将文件内容读入 C++ 中的字符串 [重复]答案

【问题标题】：Read file-contents into a string in C++ [duplicate]将文件内容读入 C++ 中的字符串 [重复]
【发布时间】：2011-02-24 03:31:00
【问题描述】：

可能重复：
What is the best way to slurp a file into a std::string in c++?
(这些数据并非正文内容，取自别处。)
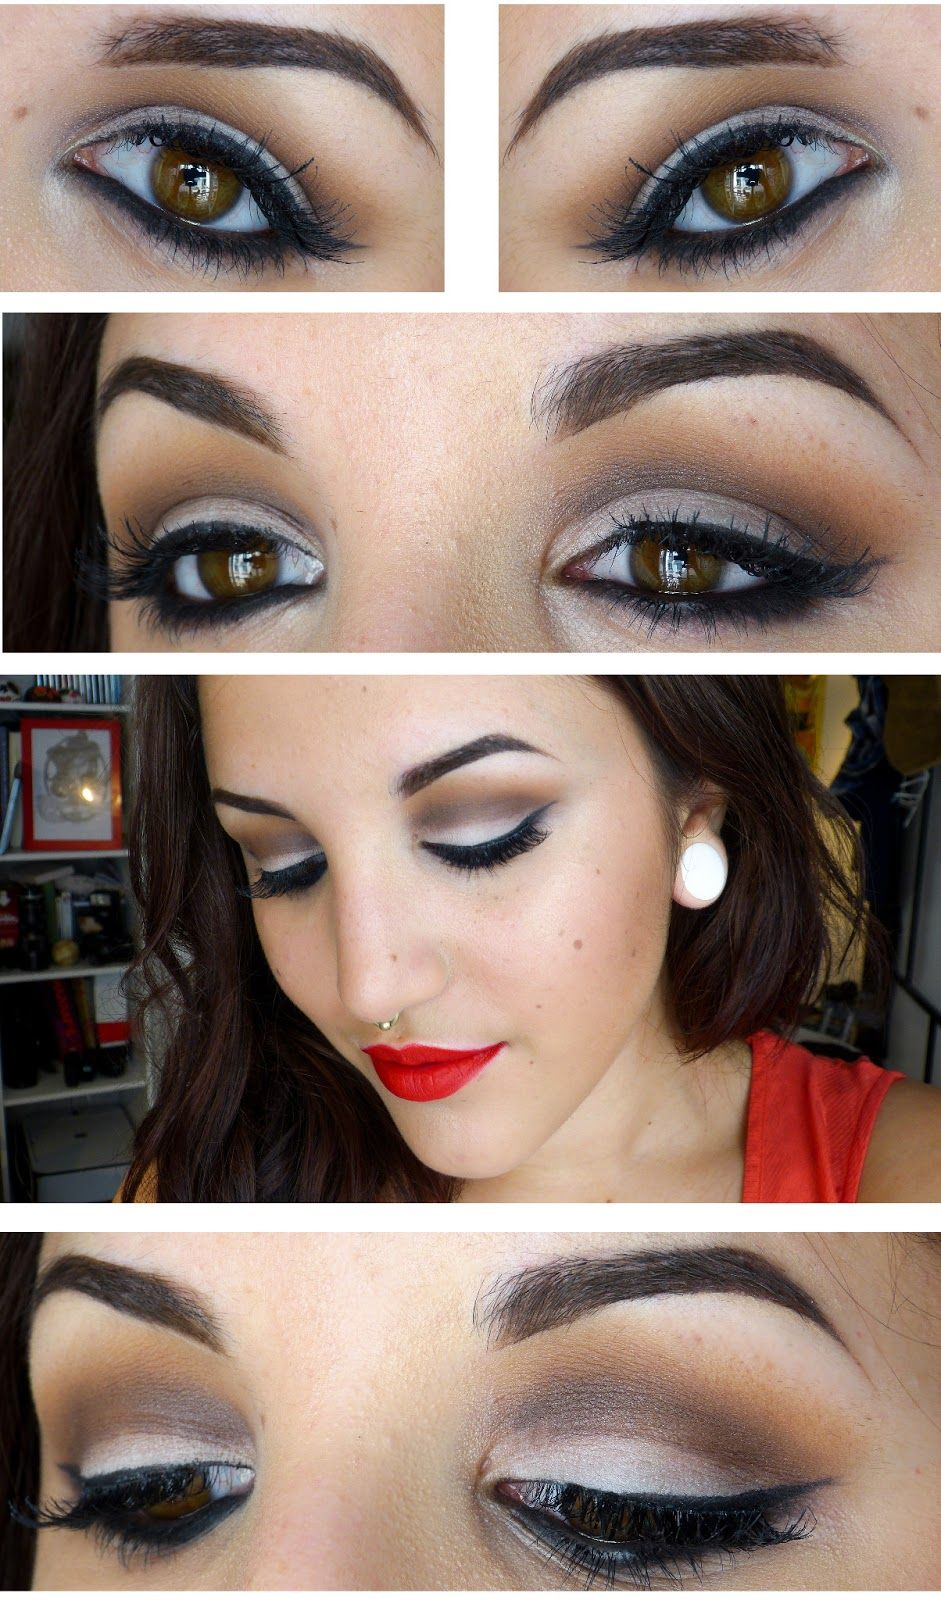 Pin on Make-up Magic

在 Perl 等脚本语言中，可以一次性将文件读入变量。

    open(FILEHANDLE,$file);
    $content=<FILEHANDLE>;

在 C++ 中最有效的方法是什么？

【问题讨论】：

“高效”是什么意思？
高效 = 快速且不占用太多内存。
类似问题：Read whole ASCII file into C++ std::string

标签： c++ string file-io

【解决方案1】：

像这样：

#include <fstream>
#include <string>

int main(int argc, char** argv)
{

  std::ifstream ifs("myfile.txt");
  std::string content( (std::istreambuf_iterator<char>(ifs) ),
                       (std::istreambuf_iterator<char>()    ) );

  return 0;
}

声明

  std::string content( (std::istreambuf_iterator<char>(ifs) ),
                       (std::istreambuf_iterator<char>()    ) );

可以拆分成

std::string content;
content.assign( (std::istreambuf_iterator<char>(ifs) ),
                (std::istreambuf_iterator<char>()    ) );

如果您只想覆盖现有 std::string 变量的值，这很有用。

【讨论】：

+1 非常符合 C++ 习惯。在具有 gcc 4.4 的 Linux 中，生成的系统调用非常高效，一次读取 8k 文件。
如果文件大小已知，可以在读取文件前调用std::string::reserve方法分配空间。这应该会加快执行速度。为字符串重新分配内存会浪费很多时间。
+1，但为什么迭代器必须括在括号中？它们看起来无害，但没有它们就无法编译。
Qix：这是“经典”的 c++ 解析问题，称为 Most Vexing Parse: en.wikipedia.org/wiki/Most_vexing_parse
我尝试了上面的 content.assign( (std::istreambuf_iterator(ifs) ), 命令。很好地阅读了所有文件，但是当我显示内容时，它在开头显示无效字符. 为什么 ?? Help. 'code' string content; ifstream myfile("textFile.txt"); content.assign( (istreambuf_iterator(myfile) ), (istreambuf_iterator() ) ); cout

【解决方案2】：

最有效但不是 C++ 的方式是：

   FILE* f = fopen(filename, "r");

   // Determine file size
   fseek(f, 0, SEEK_END);
   size_t size = ftell(f);

   char* where = new char[size];

   rewind(f);
   fread(where, sizeof(char), size, f);

   delete[] where;

`#`EDIT - 2

刚刚还测试了std::filebuf 变体。看起来它可以被称为最好的 C++ 方法，即使它不是 C++ 方法，而更像是一个包装器。不管怎样，这里的代码块几乎和普通 C 一样快。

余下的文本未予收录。